◆ **Exercise prompt**: An exact restatement of the entire listing is needed, excluding all images.

◆ **Source material**:
Content starts

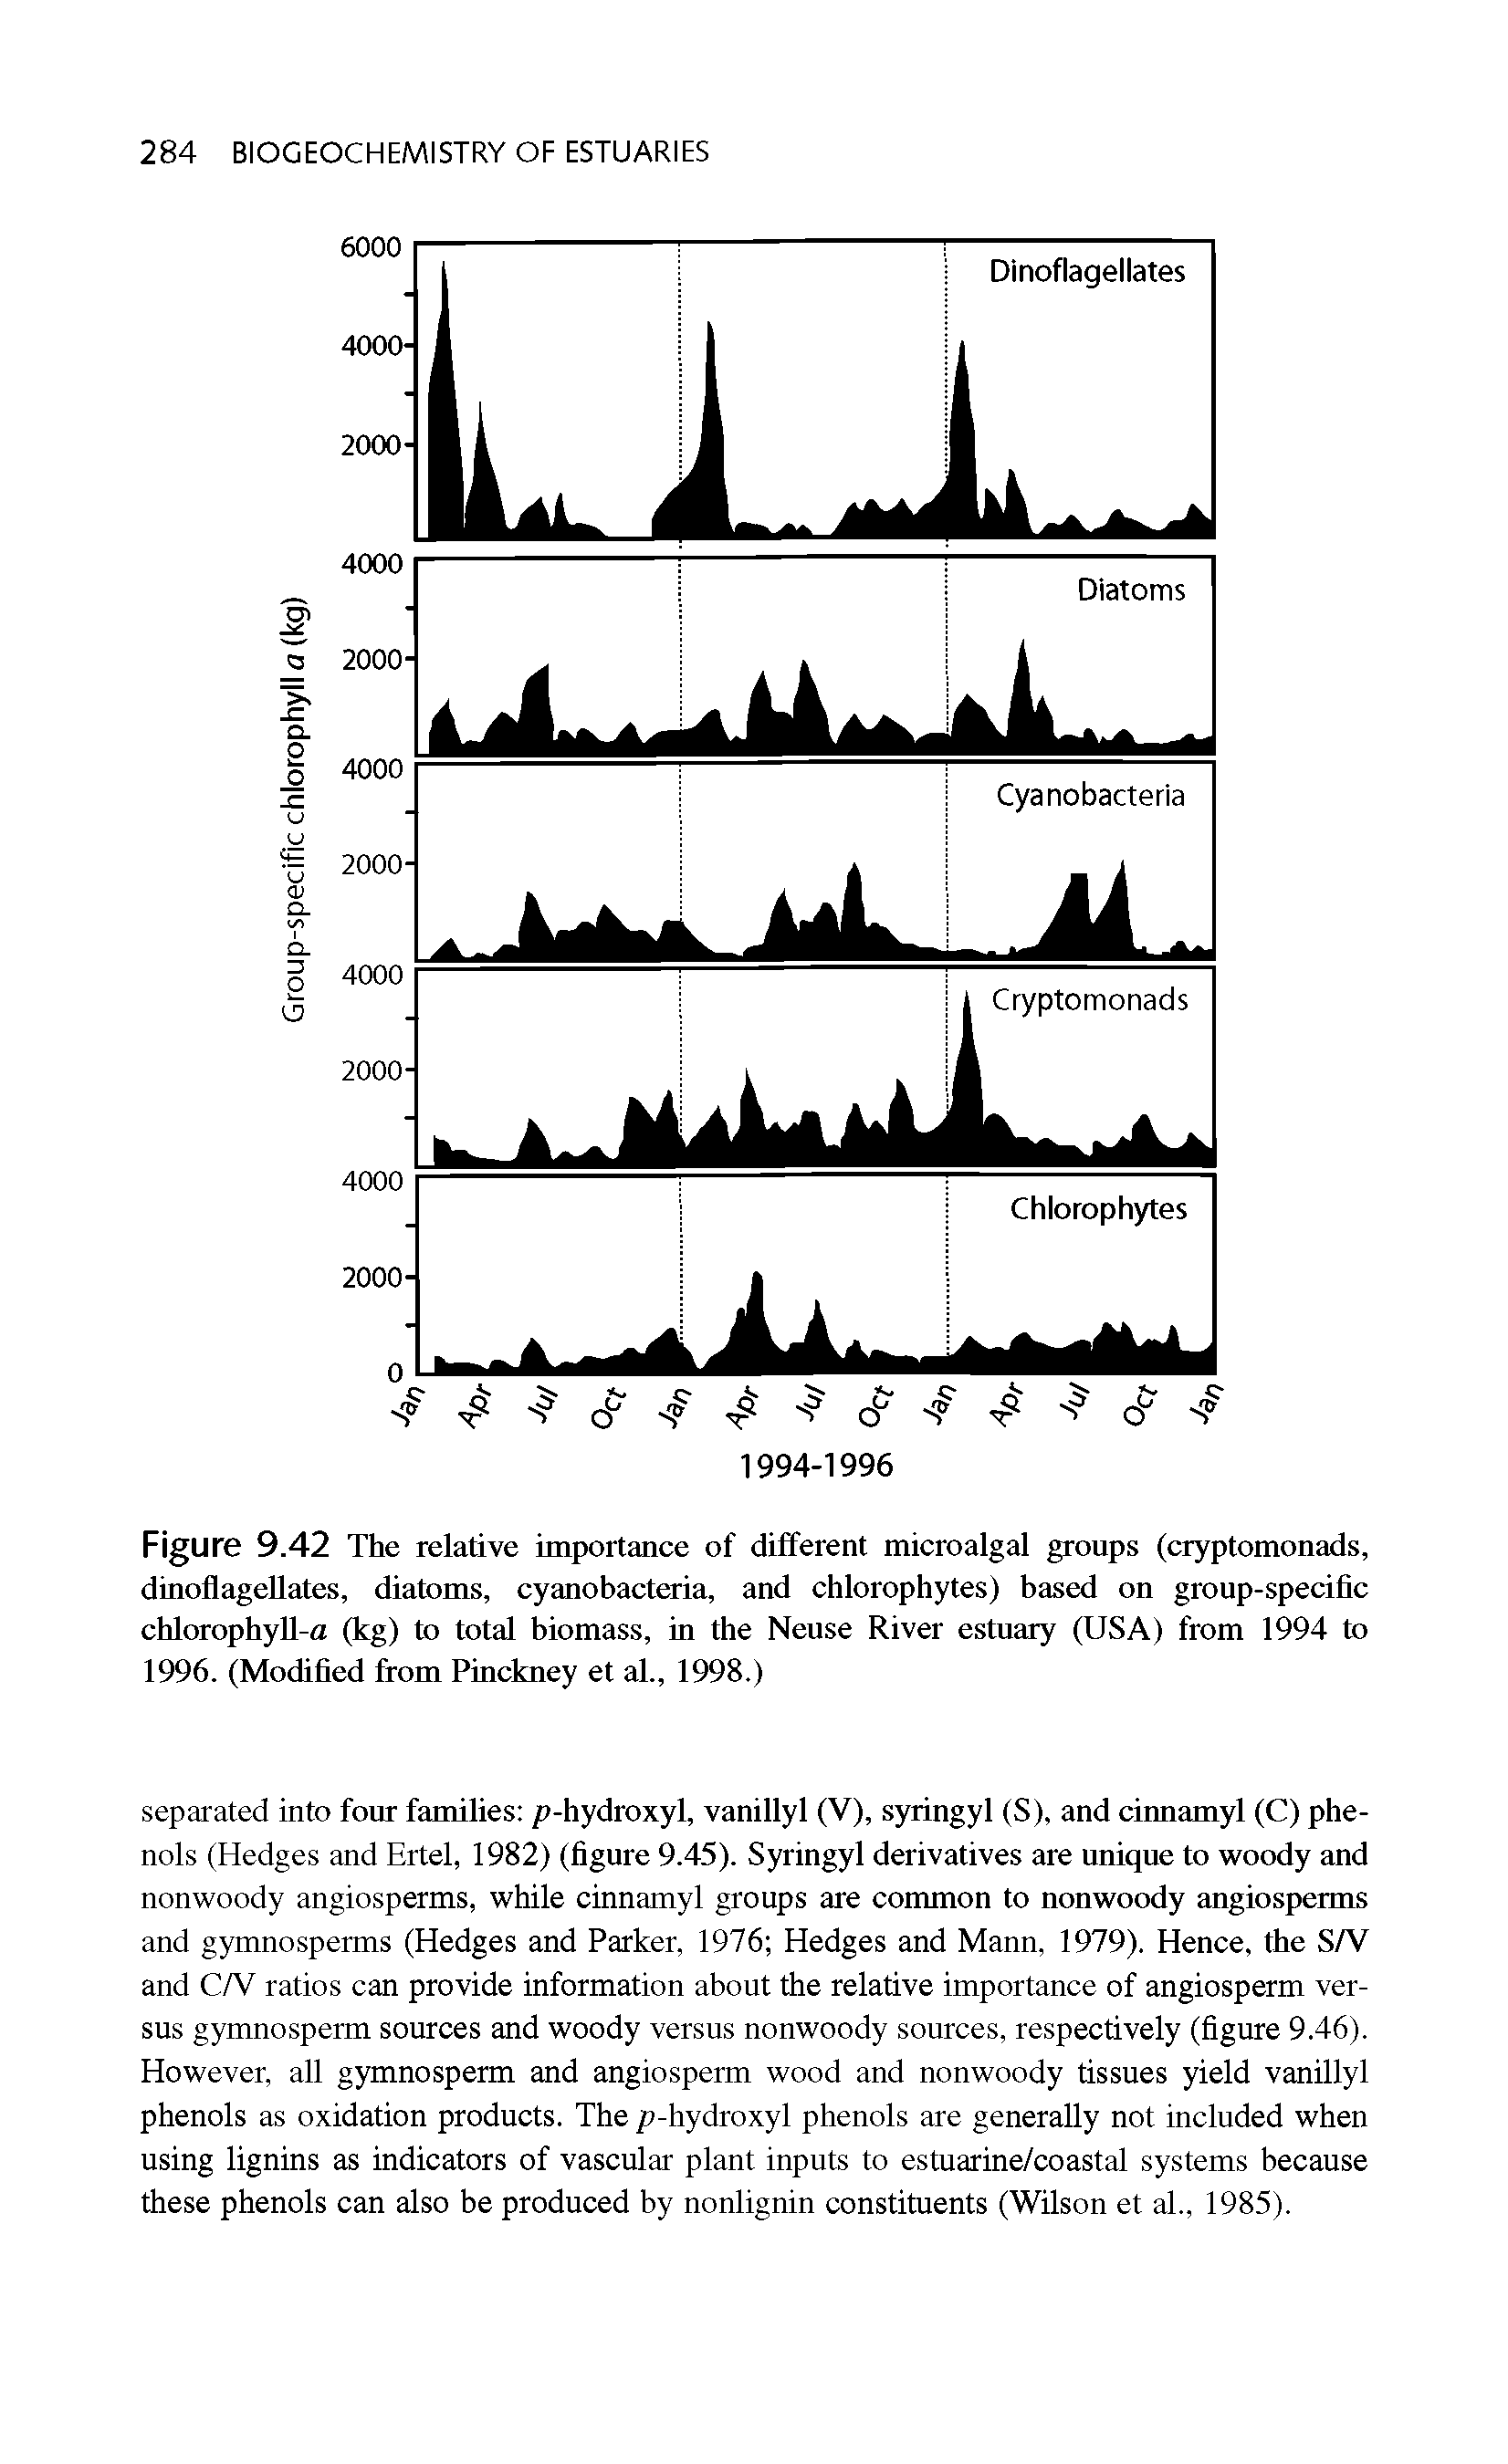 Figure 9.42 The relative importance of different microalgal groups (cryptomonads, dinoflagellates, diatoms, cyanobacteria, and chlorophytes) based on group-specific chlorophyll-a (kg) to total biomass, in the Neuse River estuary (USA) from 1994 to 1996. (Modified from Pinckney et al., 1998.)...
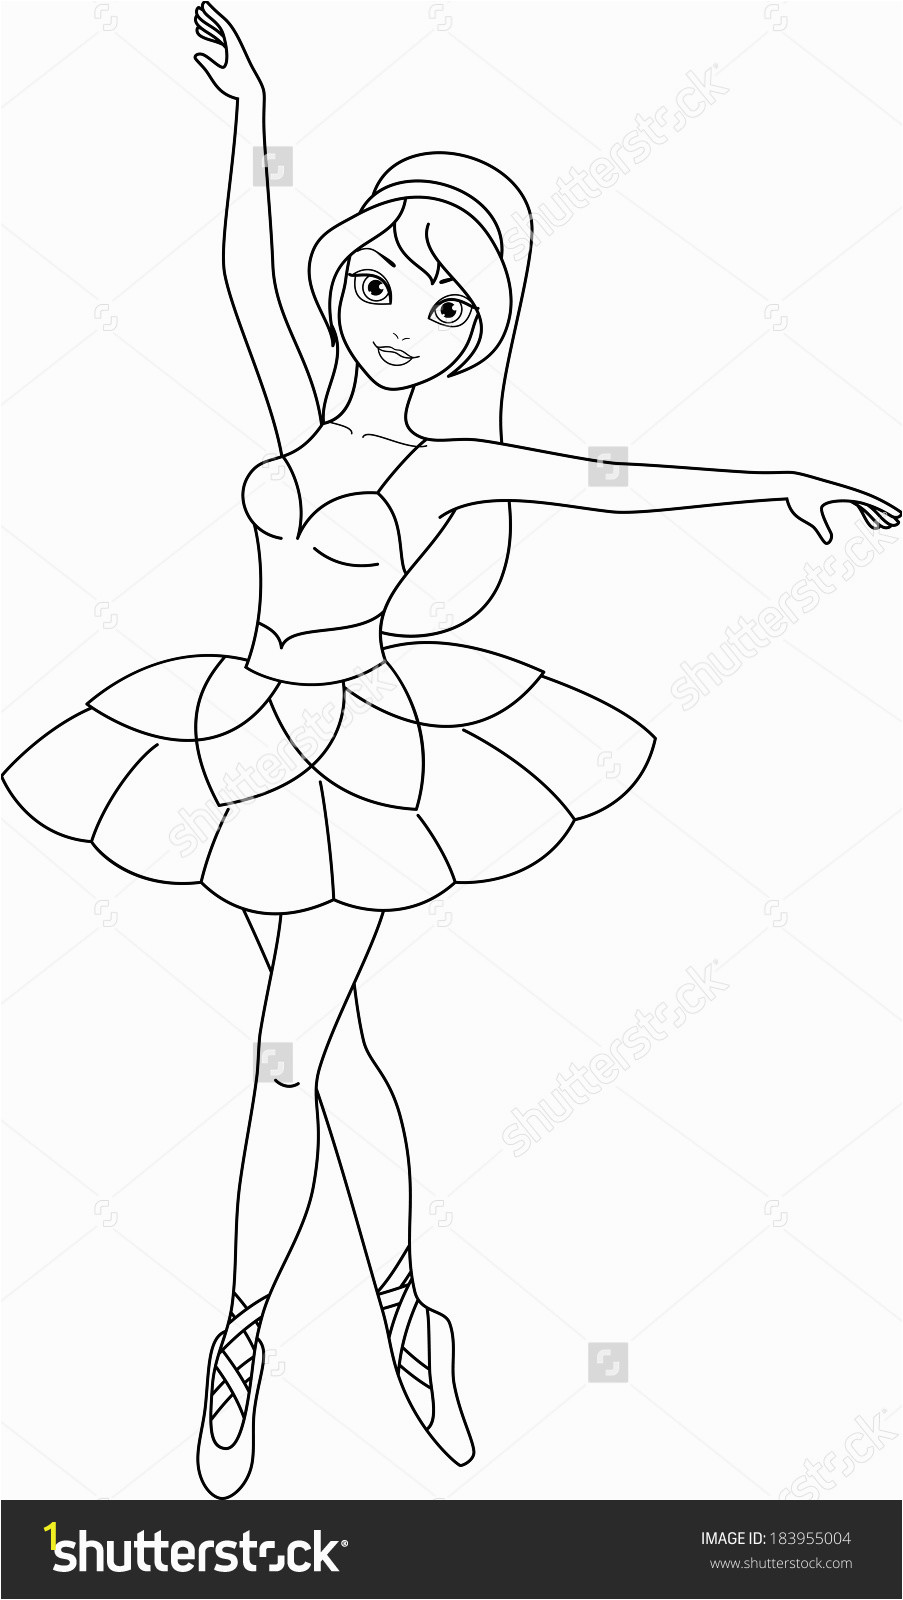 ballerina coloring book image ideas pages for adults angelina kids printableimmer and
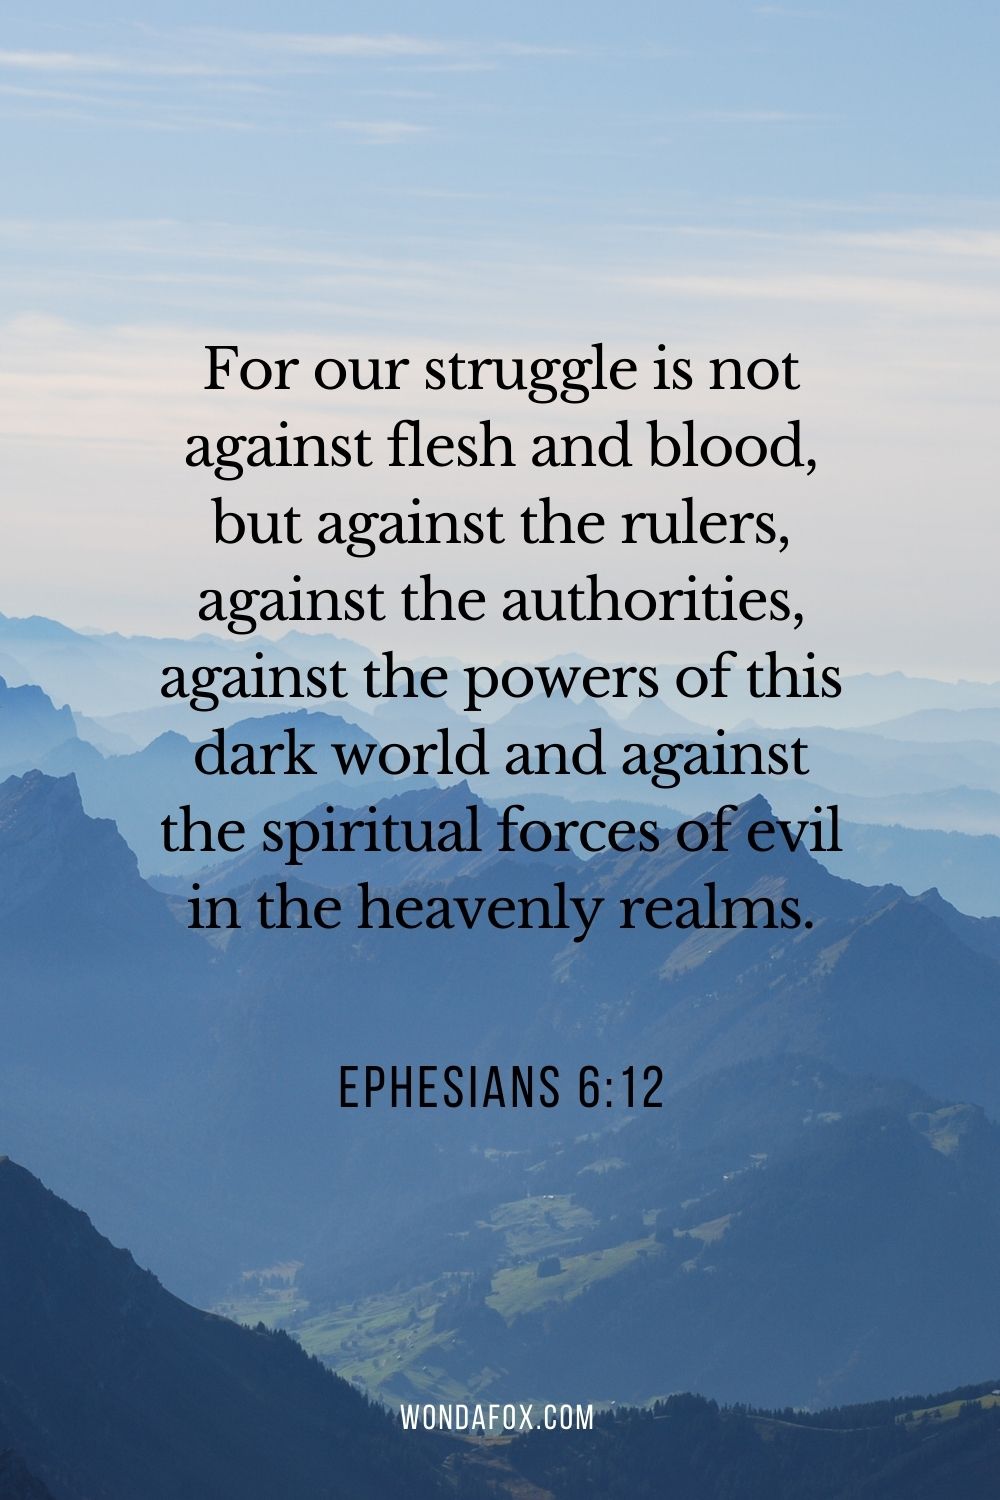 For our struggle is not against flesh and blood, but against the rulers, against the authorities, against the powers of this dark world and against the spiritual forces of evil in the heavenly realms.
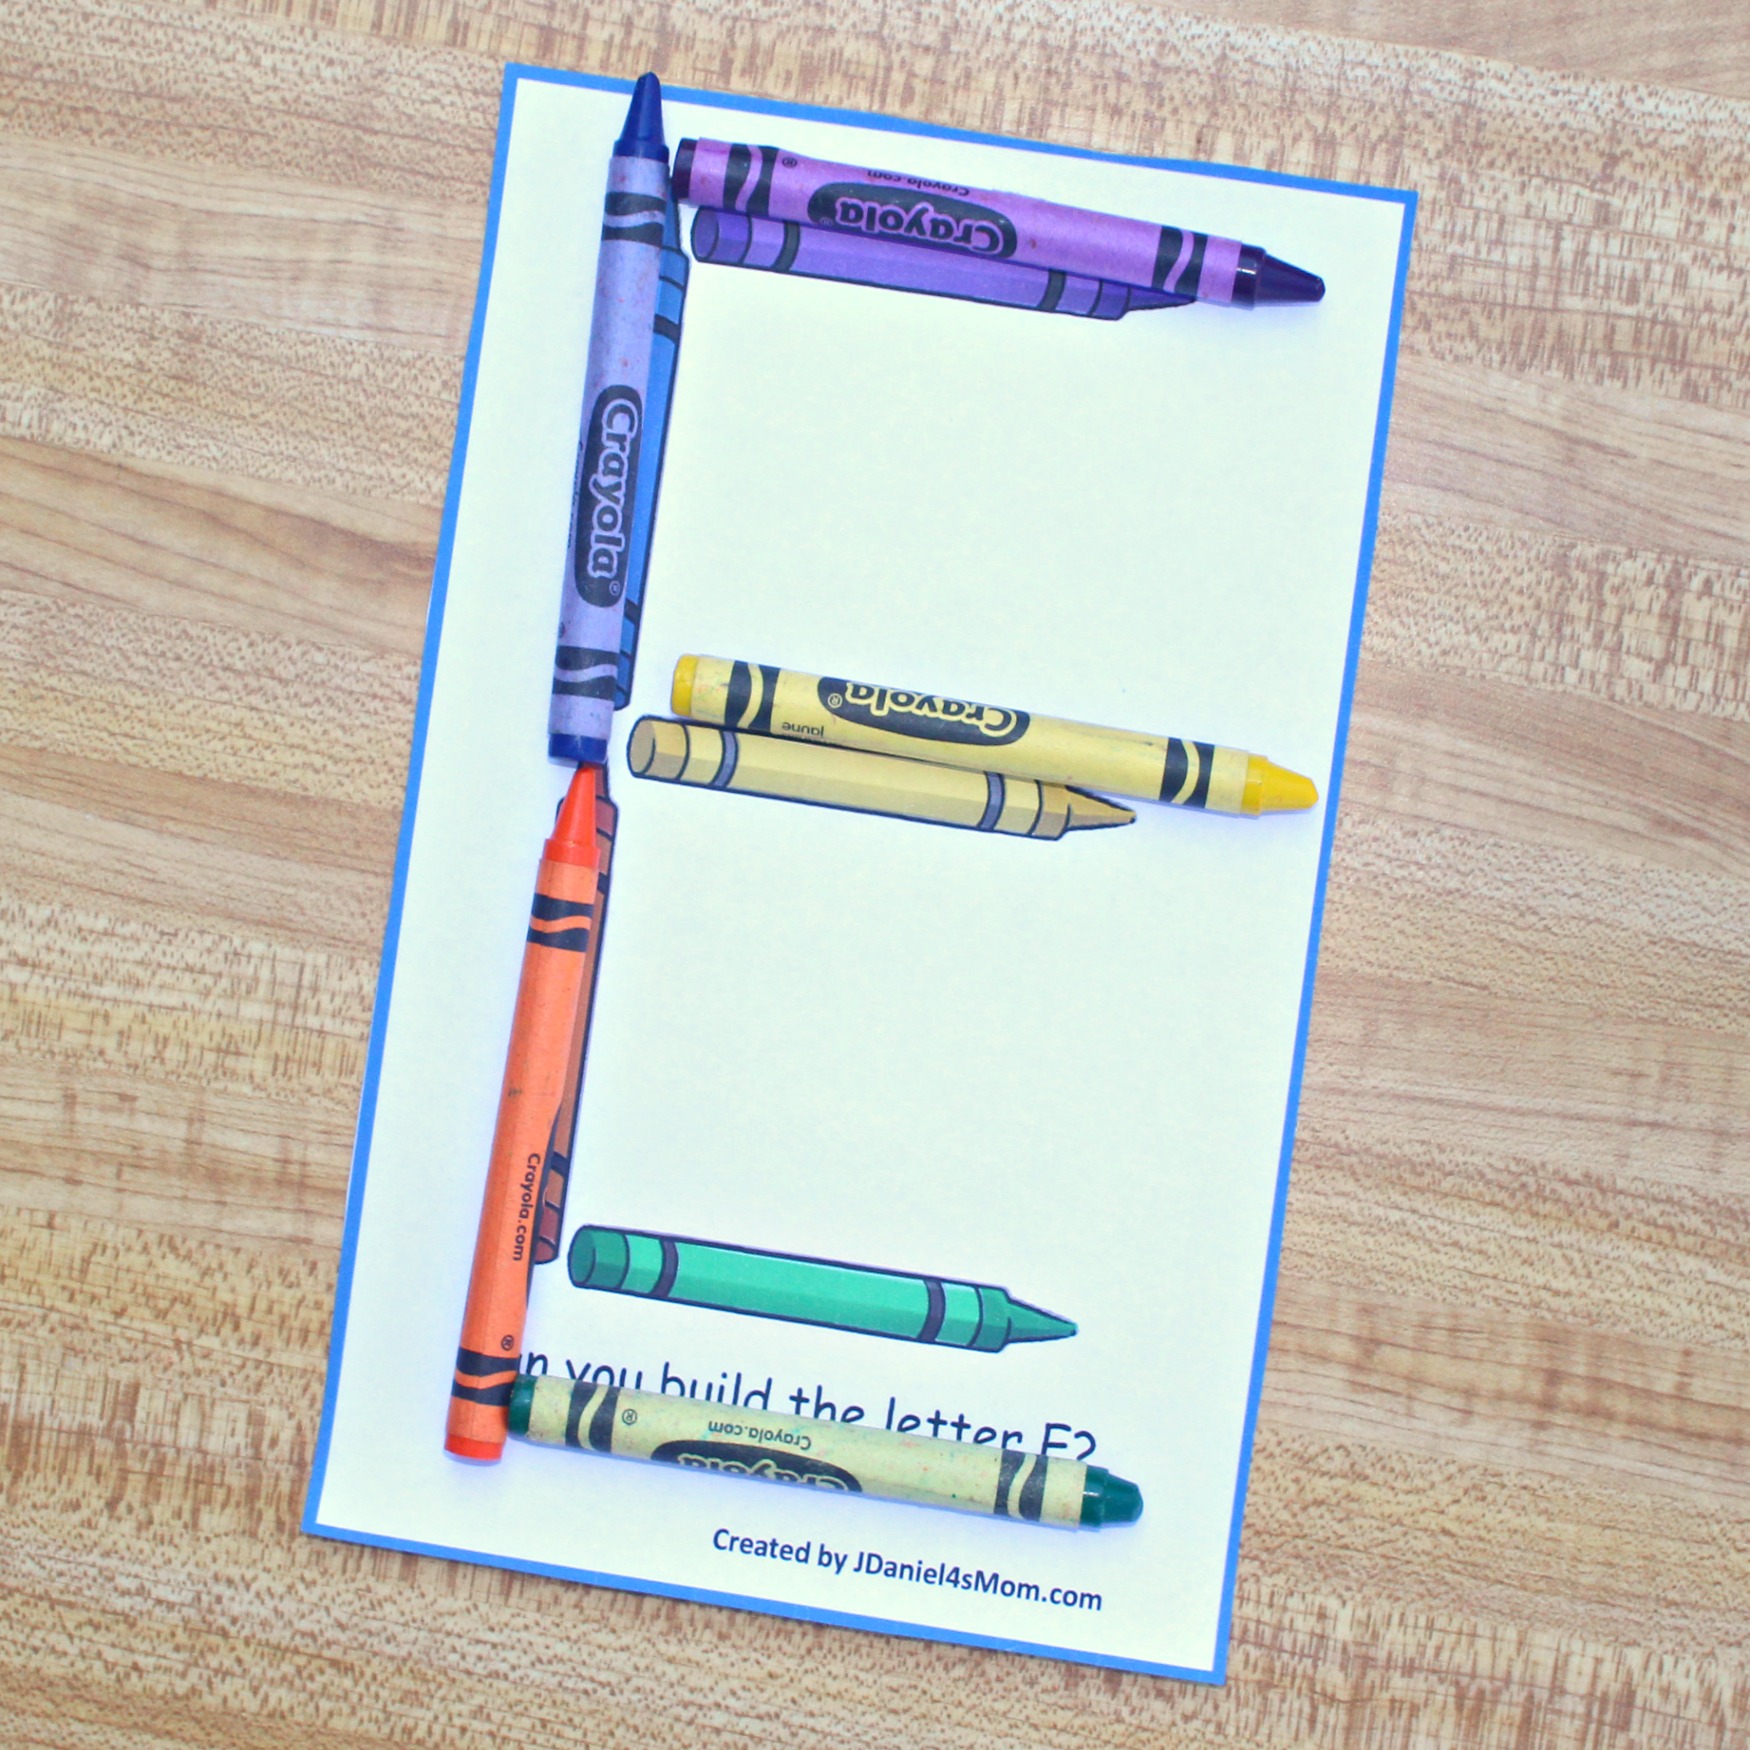 Letter Letters with Crayons Printable Task Cards - M and N Letter Cards - Matching Crayons to the Letters on the Cards

Content ends

◆ **Solution**:
 Figure 9.42 The relative importance of different microalgal groups (cryptomonads, dinoflagellates, diatoms, cyanobacteria, and chlorophytes) based on group-specific chlorophyll-a (kg) to total biomass, in the Neuse River estuary (USA) from 1994 to 1996. (Modified from Pinckney et al., 1998.)...
 ballerina coloring book image ideas pages for adults angelina kids printableimmer and
 For our struggle is not against flesh and blood, but against the rulers, against the authorities, against the powers of this dark world and against the spiritual forces of evil in the heavenly realms.
 Letter Letters with Crayons Printable Task Cards - M and N Letter Cards - Matching Crayons to the Letters on the Cards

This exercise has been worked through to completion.